For our evaluation, we assume a common embedded system which can be found in automotive or robotics. It consists of a centralized off-the-shelf GPU deployed in a high power domain and specialized sensor node accelerators that are integrated in a low power domain. Both platforms are connected via a five-meter Gigabit Ethernet cable. The low power domain for the sensor nodes leads to a simpler and far less error-prone on-board network. This leaves us with several possible optimization goals. Since we assume constant power consumption in the edge node, we only have to consider the sensor node and link for evaluating energy consumption. Due to the size of the CNNs, the accelerator deployed on the sensor node to evaluate FCN ResNet-50 and GoogLeNet is a Simba-like architecture [13] clocked at 500 MHz. In contrast, SqueezeNet can be inferred on a smaller, less energy consuming accelerator. Consequently, we choose an Eyerisslike architecture [11] clocked at 200 MHz to obtain the corresponding evaluation metrics that can be found below.

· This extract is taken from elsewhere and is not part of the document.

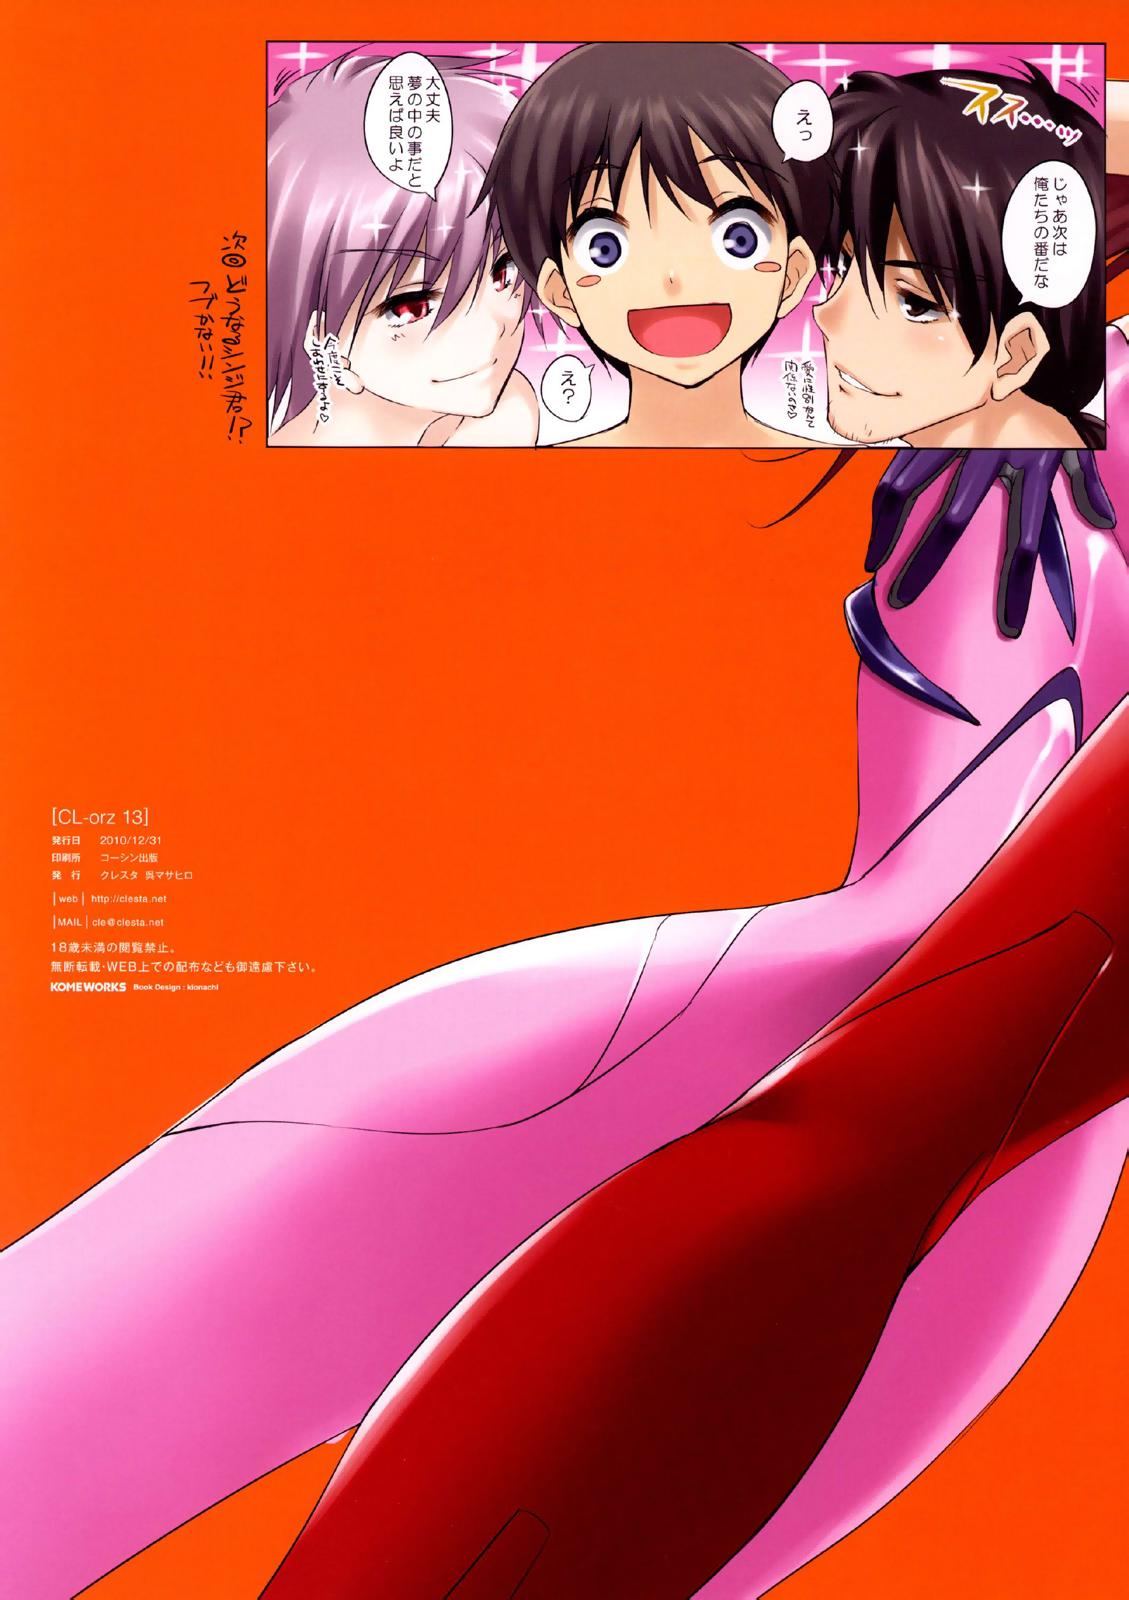 (C79) [clesta (Cle Masahiro)] CL-orz: 13 - YOU CAN (NOT) ADVANCE. (Rebuild of Evangelion) [Decensored] 14

1) FCN ResNet-50: The estimated energy of the sensor node and the communication link is shown in Fig. 4a. As can be seen, if a single CONV layer is followed by a Batch Normalization (*BatchNorm2d*) and *ReLU* layer, e.g. in case of *Conv2d*:2-1, partitioning between these layers makes no difference for the data amount to be transferred over the link.

When choosing an early partitioning point, the energy consumed in the sensor node is very low, and due to the large output feature maps, the communication link dominates the energy demand. In the following layers, the output feature maps are getting smaller, leading to fewer data on the communication link, with local minimums at partitioning point *Maxpool2d: 2-4* and partitioning point *Bottleneck: 3-7*. These mark our first points of interest. In case communication bottlenecks on the link are identified and energy demand on the sensor node has to be kept low, we favor one of these solutions.

Our estimated latency in Fig. 4b shows that only minor differences can be noticed between execution of the CNN mainly on the specialized sensor node accelerator compared to execution mainly on the off-the-shelf GPU. Therefore, the design decision has to be made with respect to energy consumption, e.g., regarding the maximum amount of energy that should be consumed on the sensor node.

Executing the majority of the DNN on the sensor node contradicts the optimization goal of low energy consumption on the sensor node. Obviously, the maximum of energy is consumed, when the backbone network is entirely executed on the sensor node. Therefore, we define partitioning point *Bottleneck: 3-13* as our third point of interest, due to the steep rise of sensor energy demand when we select later partitioning



Fig. 4: FCN ResNet-50 evaluation results of each reasonable partitioning using a Simba-like architecture clocked at 500 MHz in the sensor node. Since we assume static power consumption in edge node, energy estimation is only shown for sensor node and link. The partitioning points *MaxPool2d*: 2-4 and *Bottleneck*: 3-7 are favorable in terms of energy consumption in the sensor node. *Bottleneck*: 3-13 marks a point of interest in terms of optimal latency balancing.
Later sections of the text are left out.